### Provided material

■ ■ ■ ■

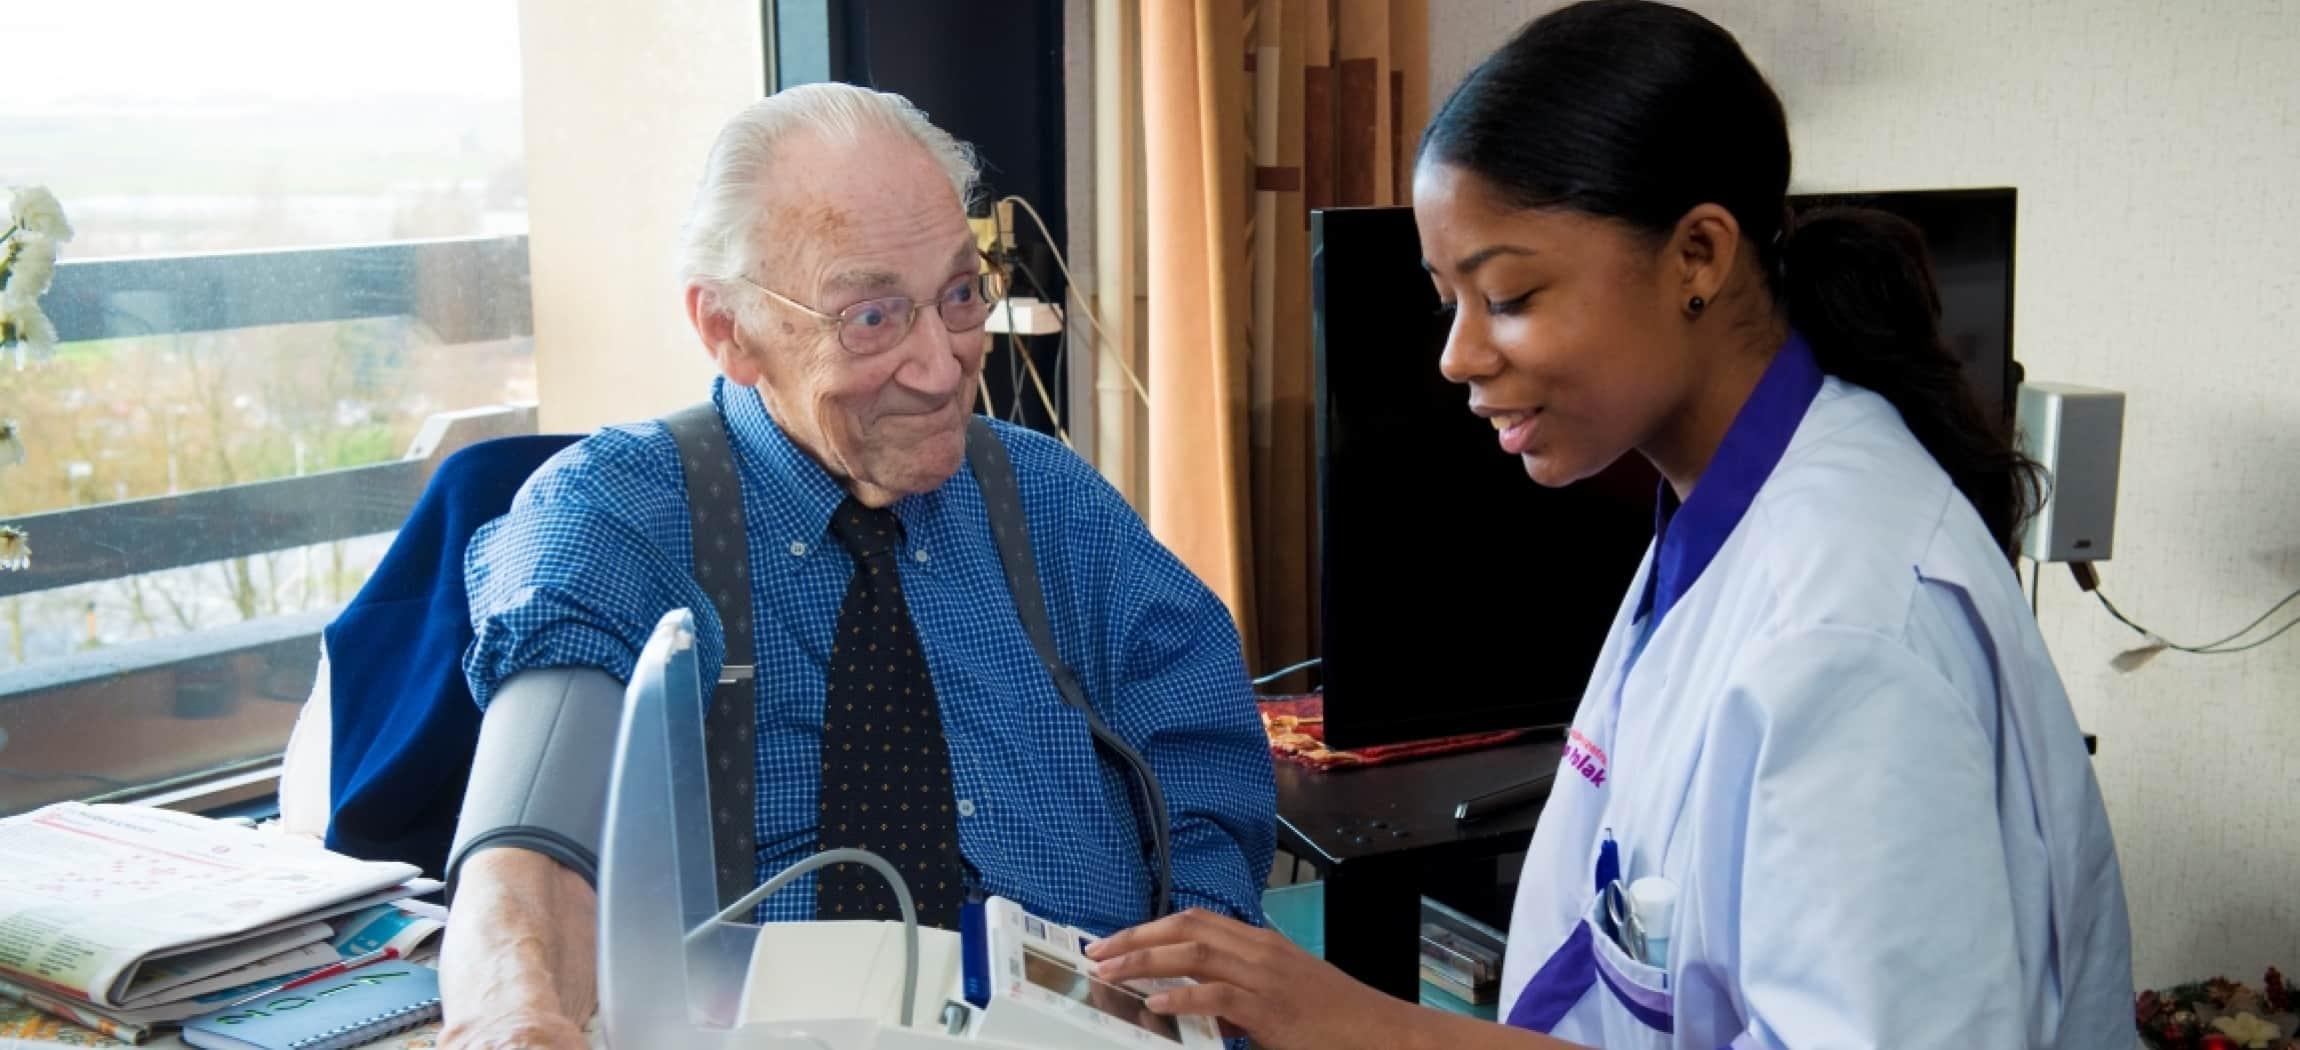 Mooie vrouwelijke verpleegkundige meet de bloeddruk bij man in blauw overhemd zittend in stoel
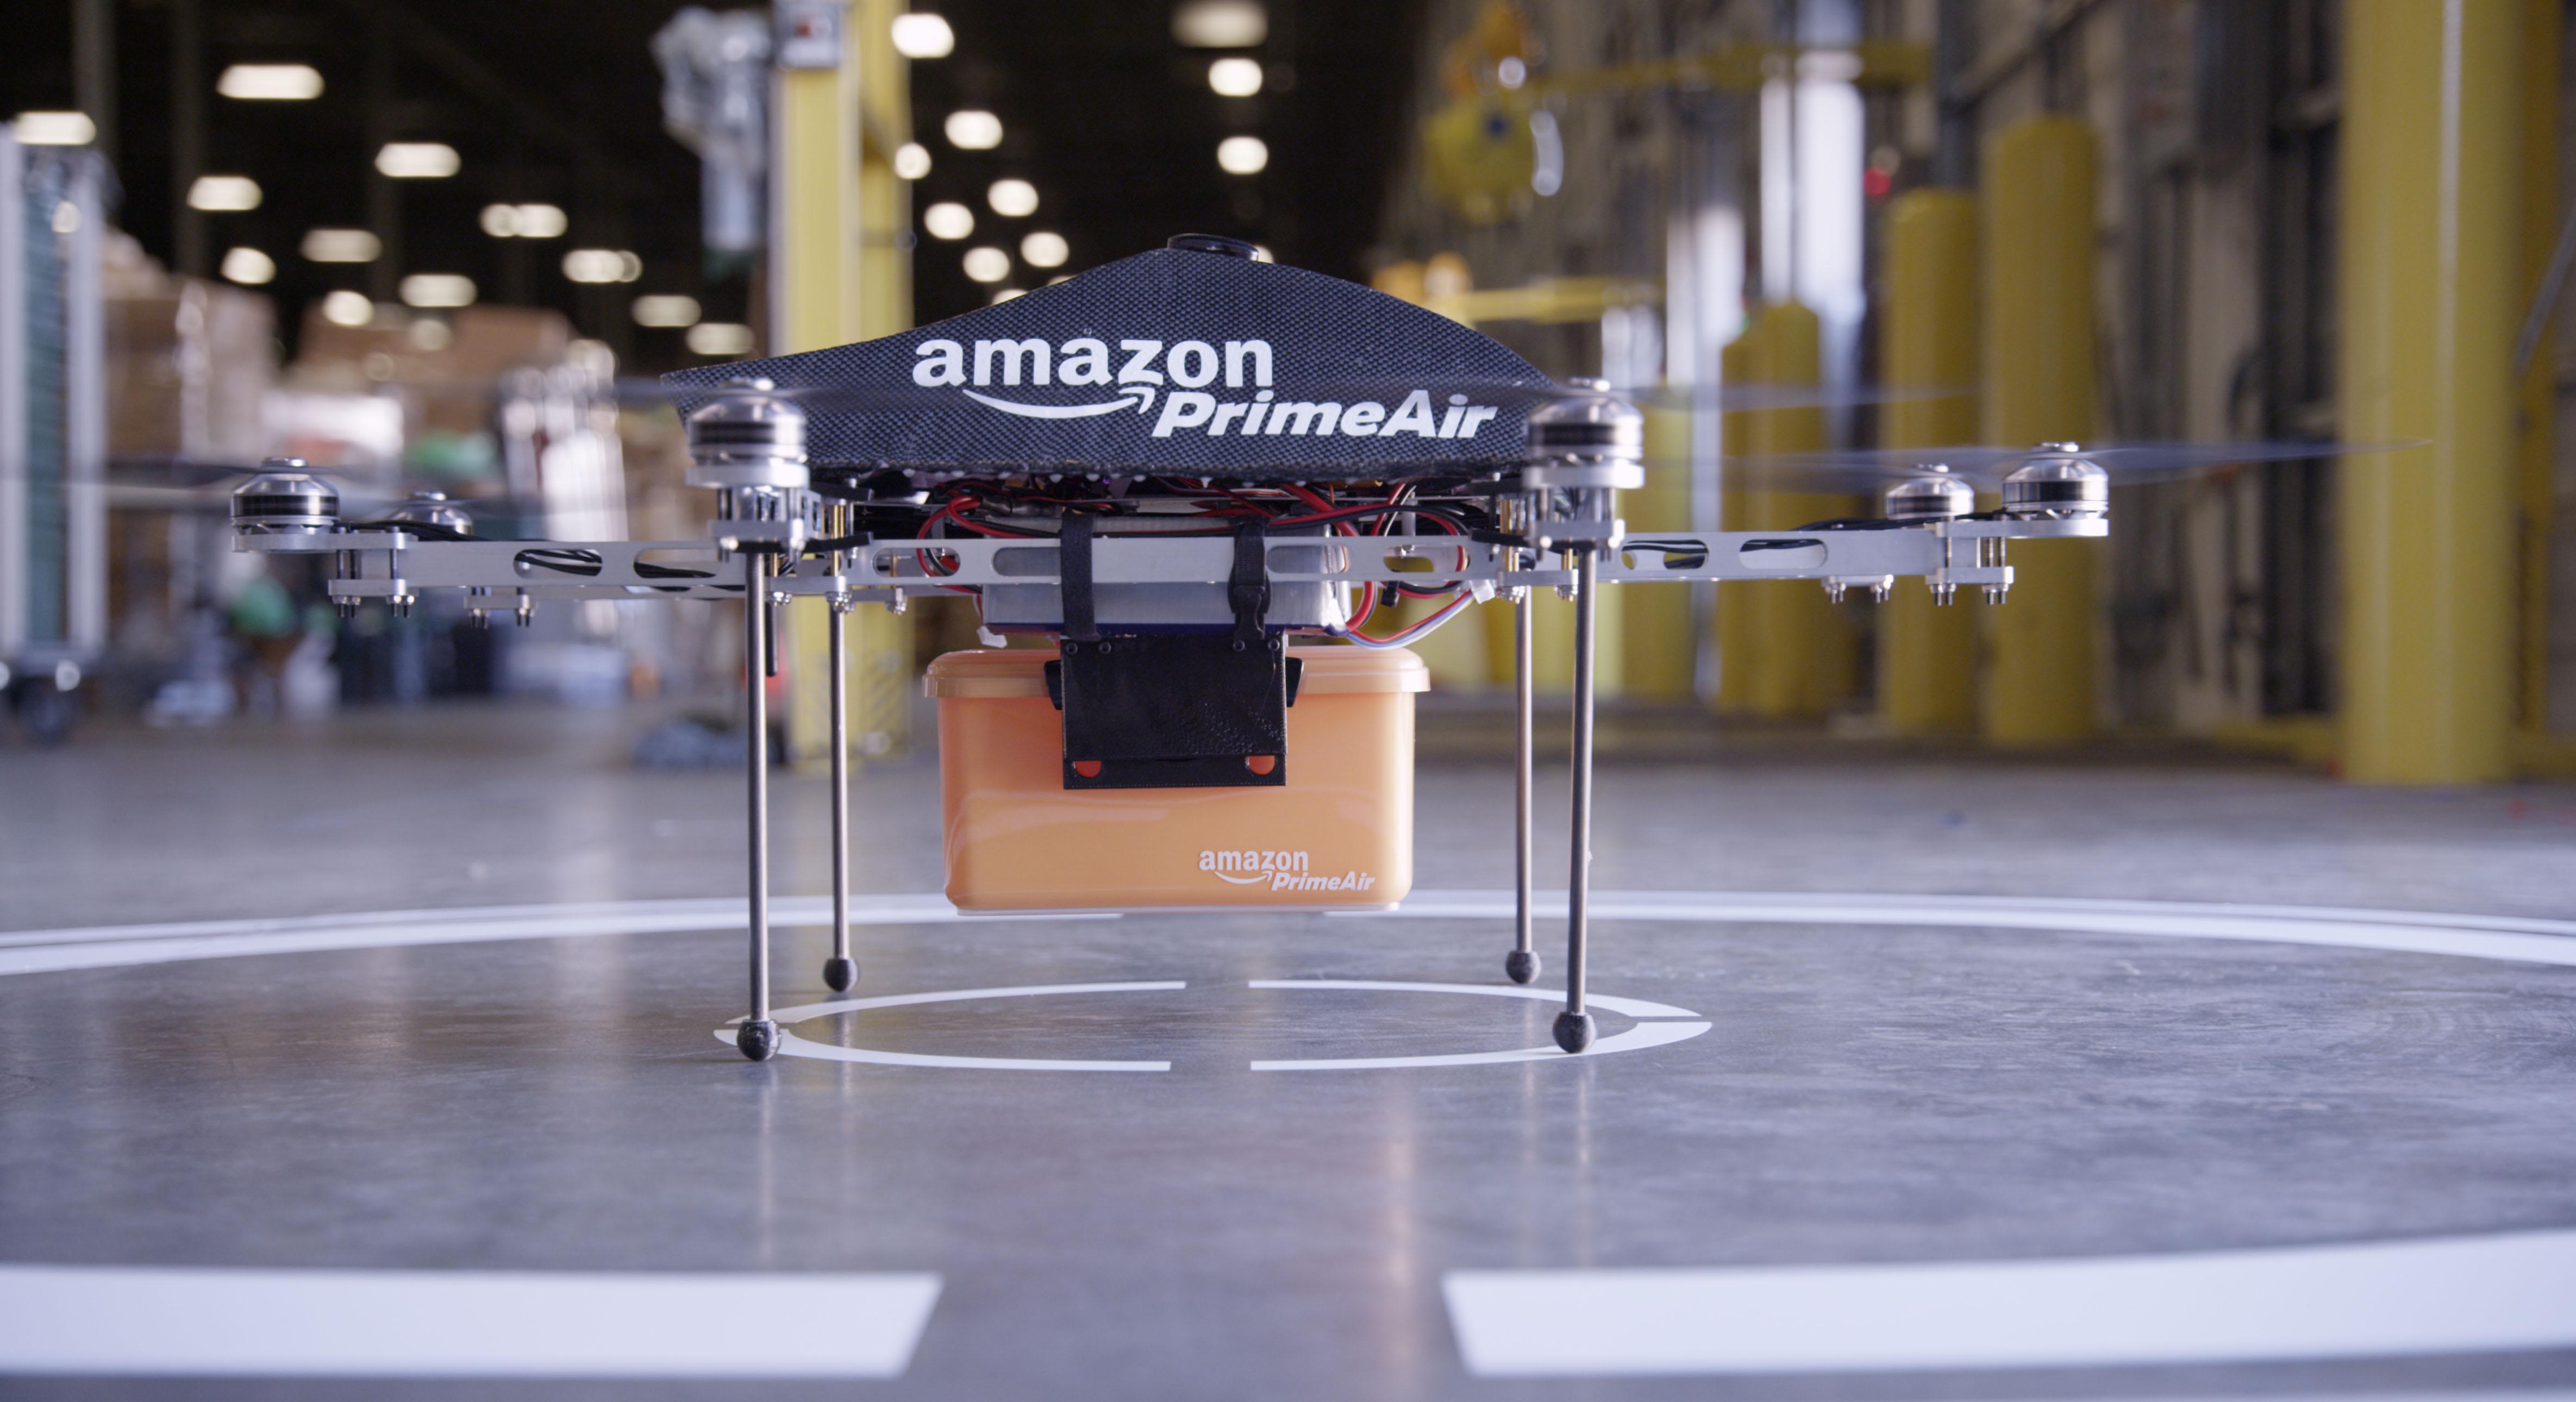 Drones : les États-Unis planchent sur une réglementation stricte, même pour les livraisons de colis
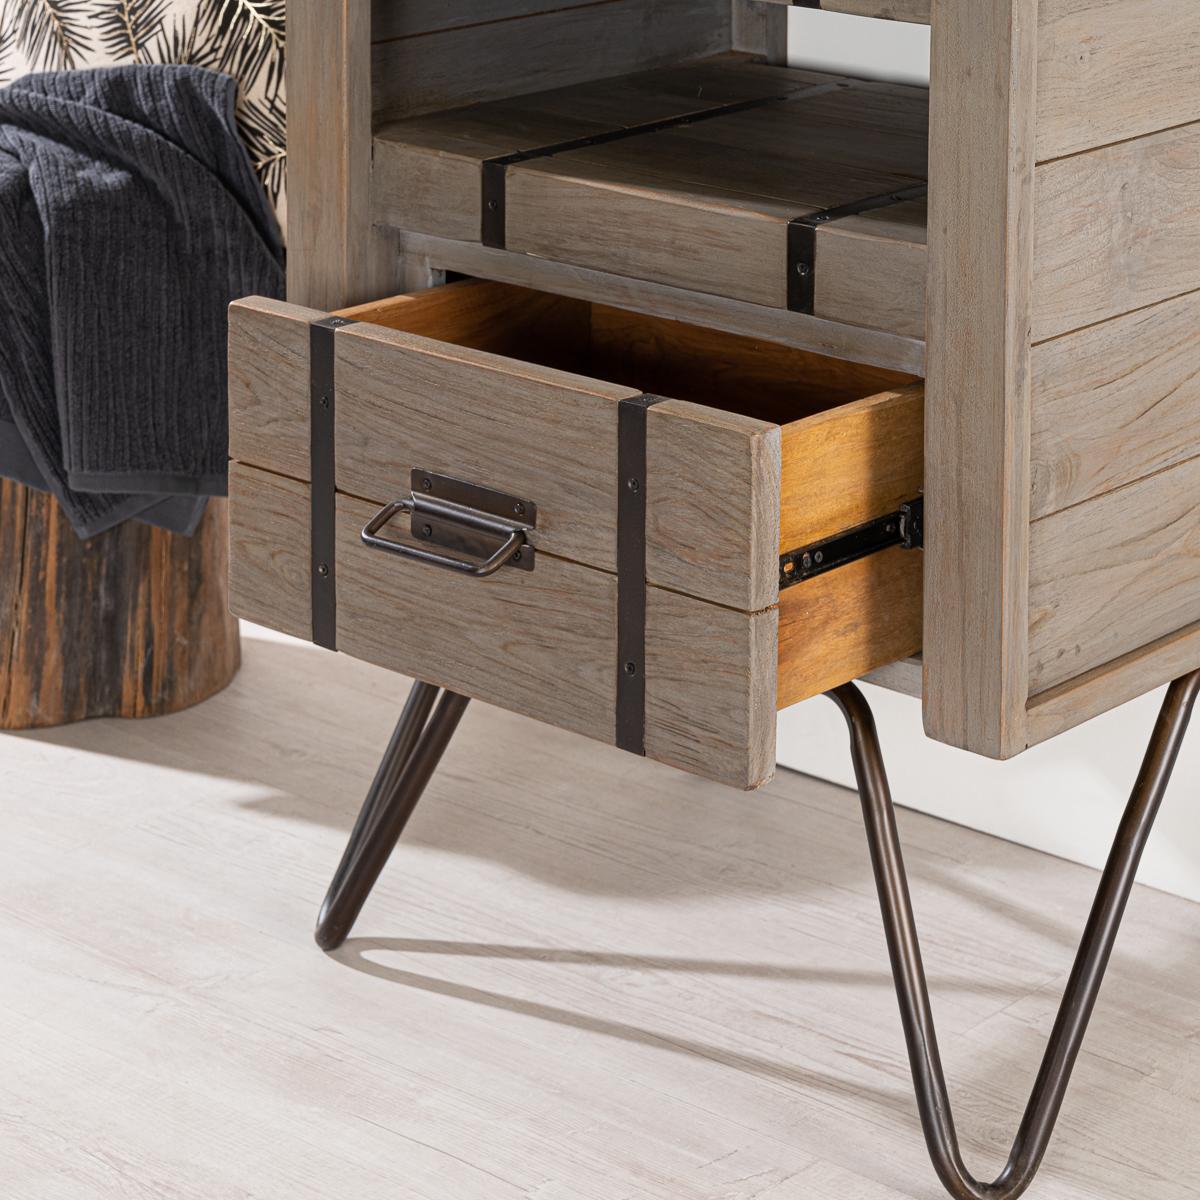 meuble de salle de bain loft en mindi et m tal 60 cm gris. Black Bedroom Furniture Sets. Home Design Ideas

■ ■ ■ ■

### What you are asked to do
Output the full listing verbatim; pictures stay out.

### Response below
 Mooie vrouwelijke verpleegkundige meet de bloeddruk bij man in blauw overhemd zittend in stoel
 Drones : les États-Unis planchent sur une réglementation stricte, même pour les livraisons de colis
 meuble de salle de bain loft en mindi et m tal 60 cm gris. Black Bedroom Furniture Sets. Home Design Ideas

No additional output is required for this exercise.